John Thornton
>Joanna wrote:
>"Surveillance is not treatment."
>
>Brian wrote:
>"It's certainly part of it. Seems to me that getting someone off of drugs
>will involve some degree of surveillance. After all, aren't AA meetings
>just a way of having people check in with their case workers?"
>
>In my experience, addictions can only be cured by the addicts
>themselves.... Support helps a lot. Support includes: medical support,
>therapy, places to go and dry out in safety and temporarily away from
>drugs, places and a means to live while transitioning back to a normal life.
>
>A few years back a lesbian couple (one pregnant) came to live with me.

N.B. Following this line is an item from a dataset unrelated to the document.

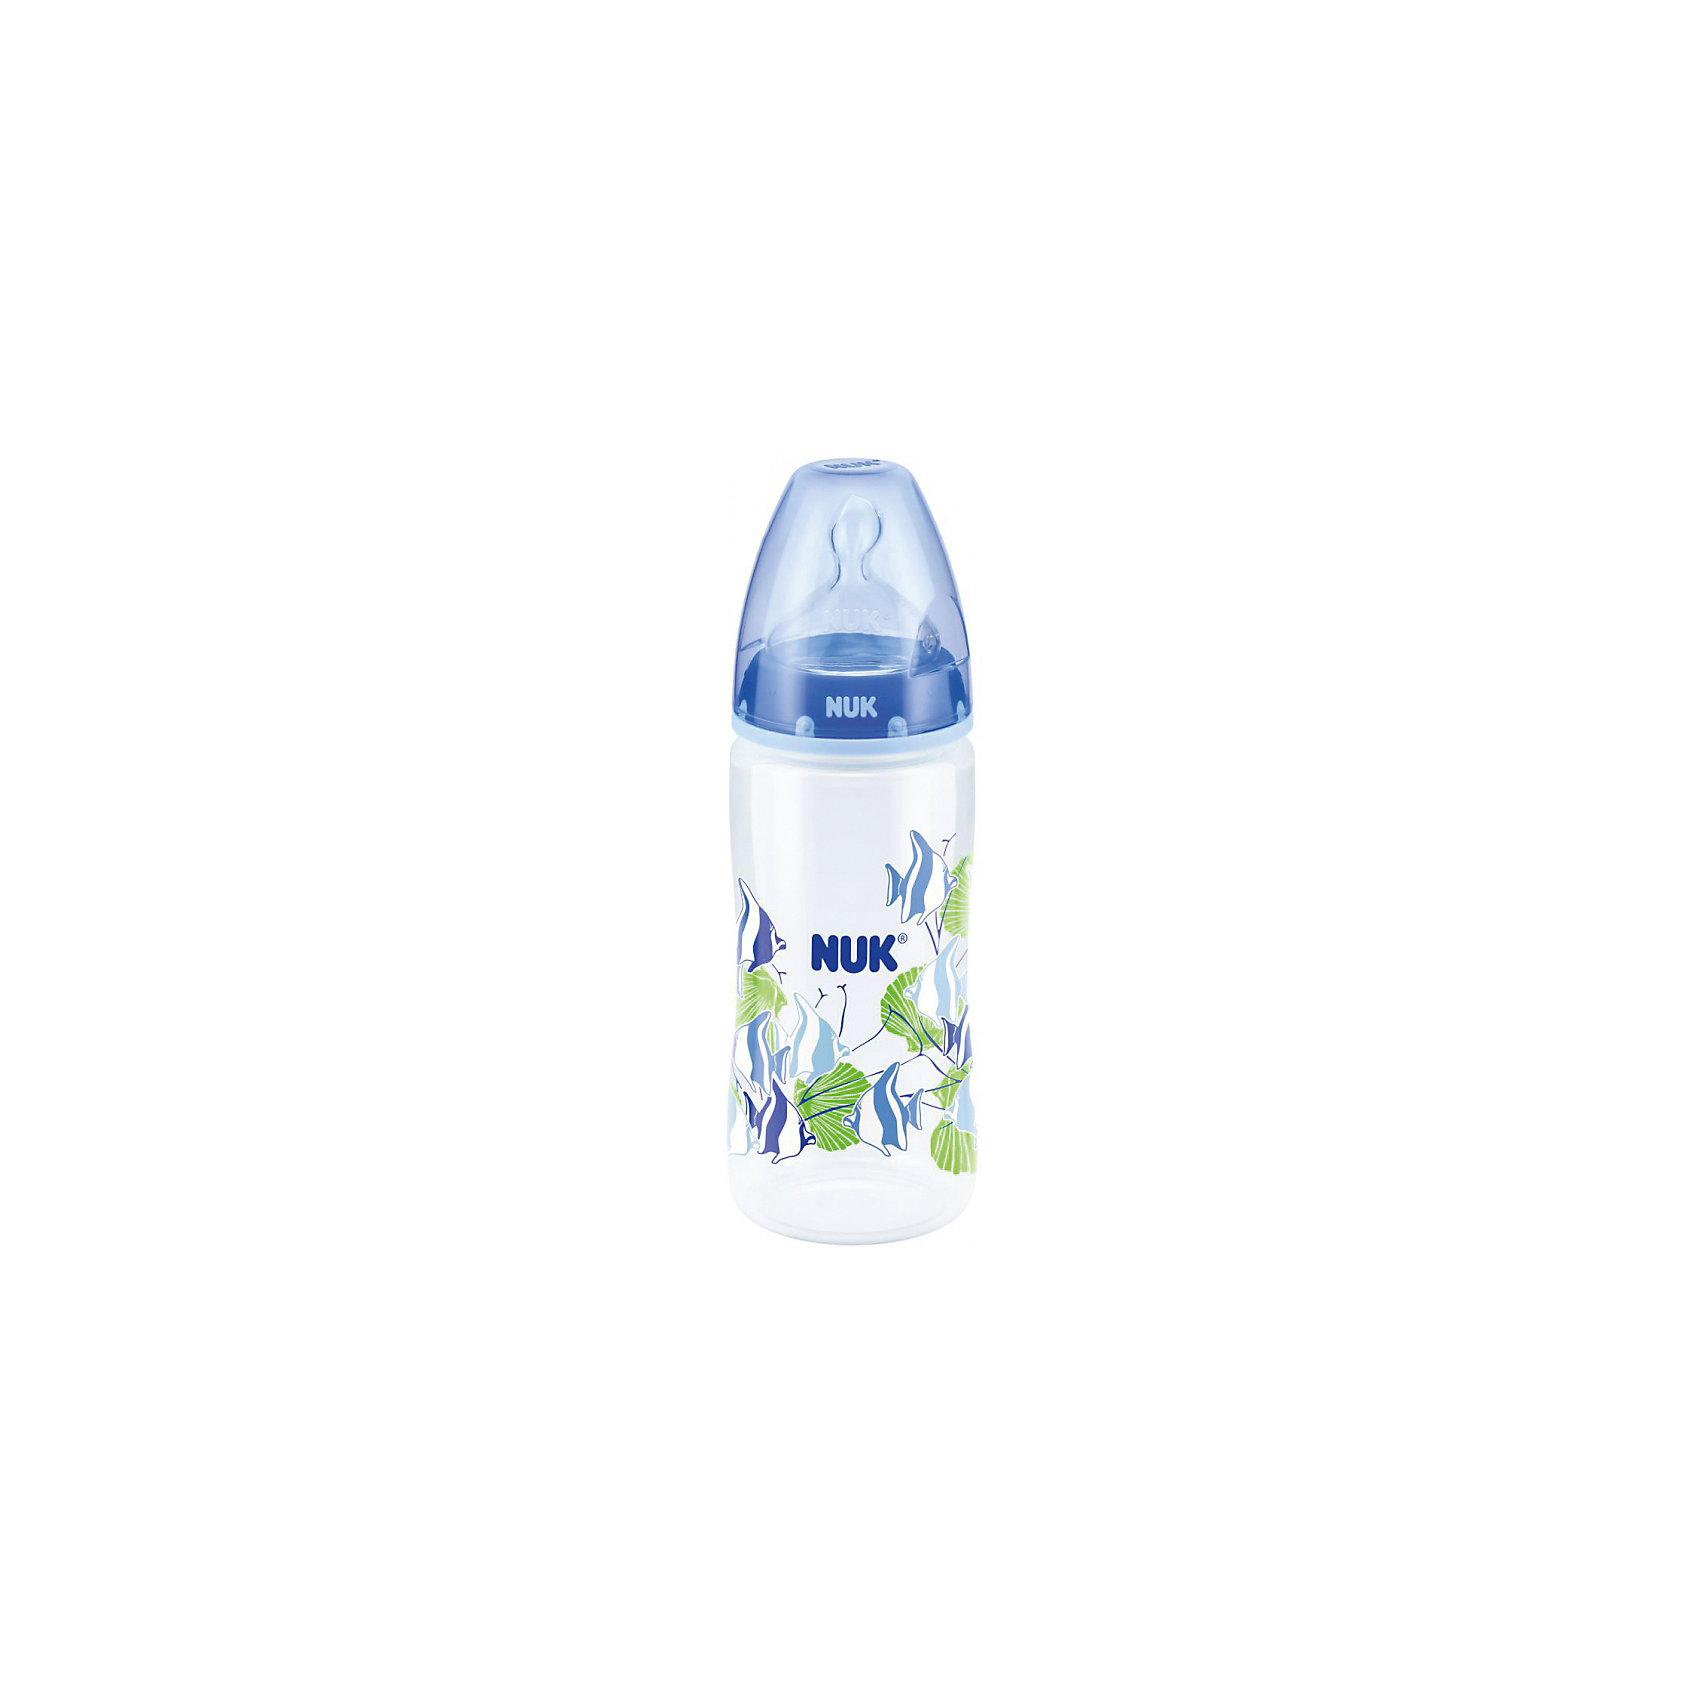 Бутылочка First Choice  пласт. (ПП) 300 мл. разноцв.+ соска с вент. из сил. р1, NUK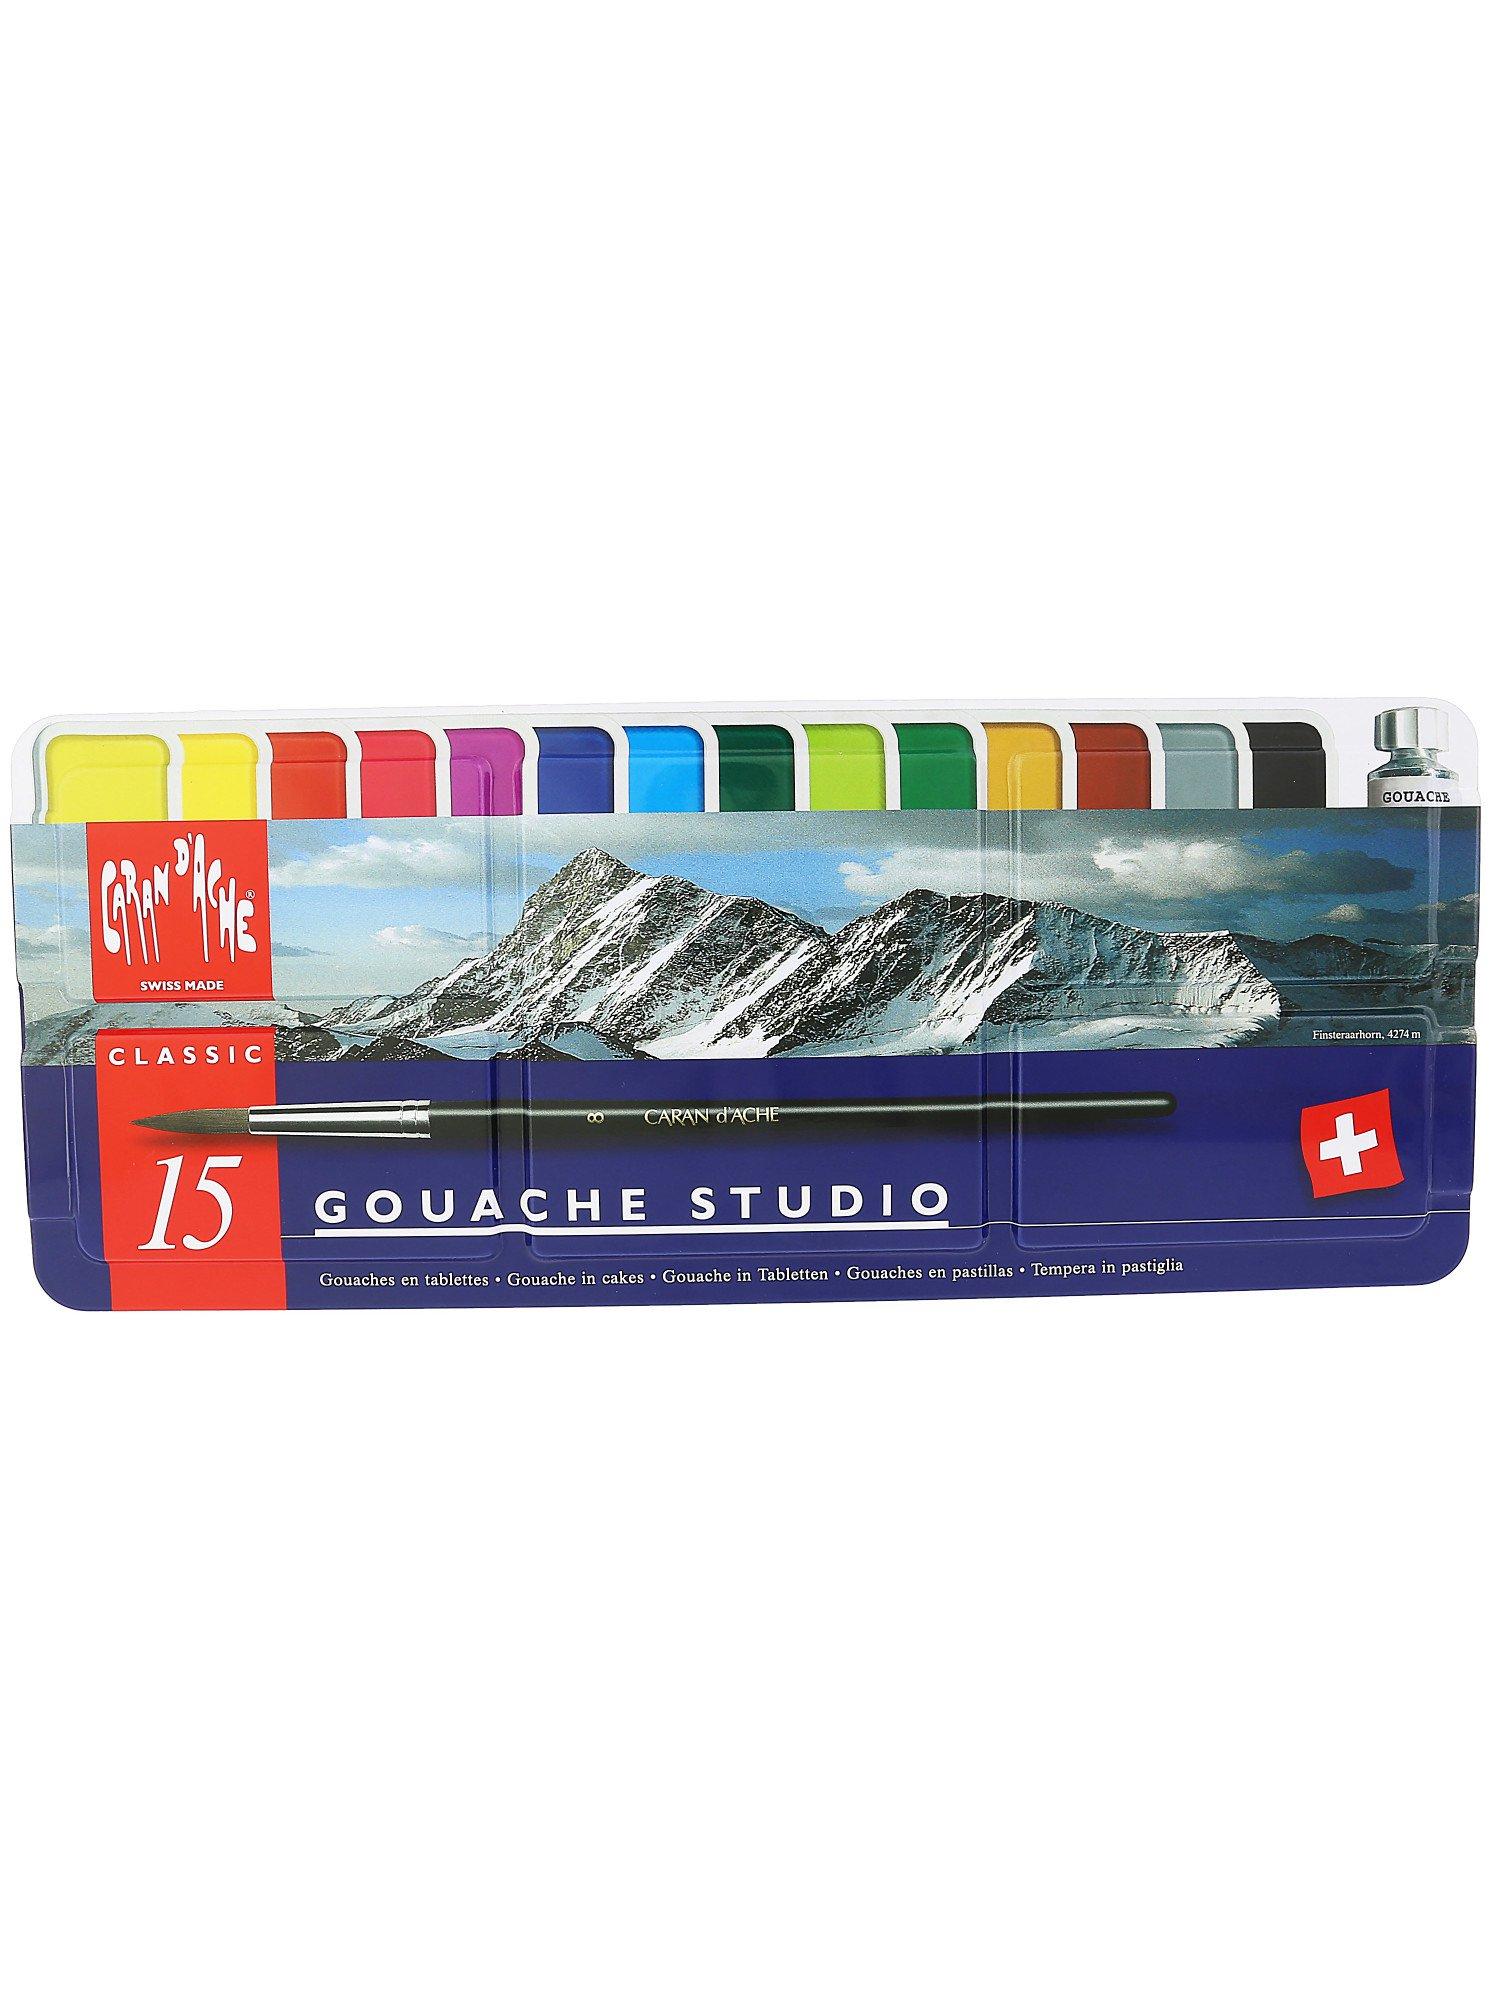 Gouache Pans : gouache, Caran, D'Ache, Gouache, Studio, Craft, Paint, 7610186143151, Walmart, Canada

>They had just stopped using when they moved in. It took them about two and
>a half years to be ready to be on their own. A while after they moved out,
>one of them started using again, but the other is still clean after nearly
>six years. So, the support and the transition period was effective in one
>case but not in the other. But the baby was born without having been
>exposed to any drugs.
>
>Folks who go to AA tell me that what helps them about the organization is
>the group therapy aspect of it and also having somewhere to go and
>something to do other than to go to a bar and drink. The "case worker" is
>nothing other than an ex-alcoholic.
>
>I don't see what surveillance has to do with any of this. You could not
>say that the couple who lived with me were "under surveillance"; I
>performed no drug tests and I haven't a clue as to what a heroin addict
>who is using looks or acts like. The one woman who relapsed came around a
>few times while she was high, and I could not tell a thing. What helped
>them by living with me was being in a heroin-free environment and in a
>fairly pleasant family setting where stress was low and a capable mother
>figure was around to lend a hand or give encouragement when needed.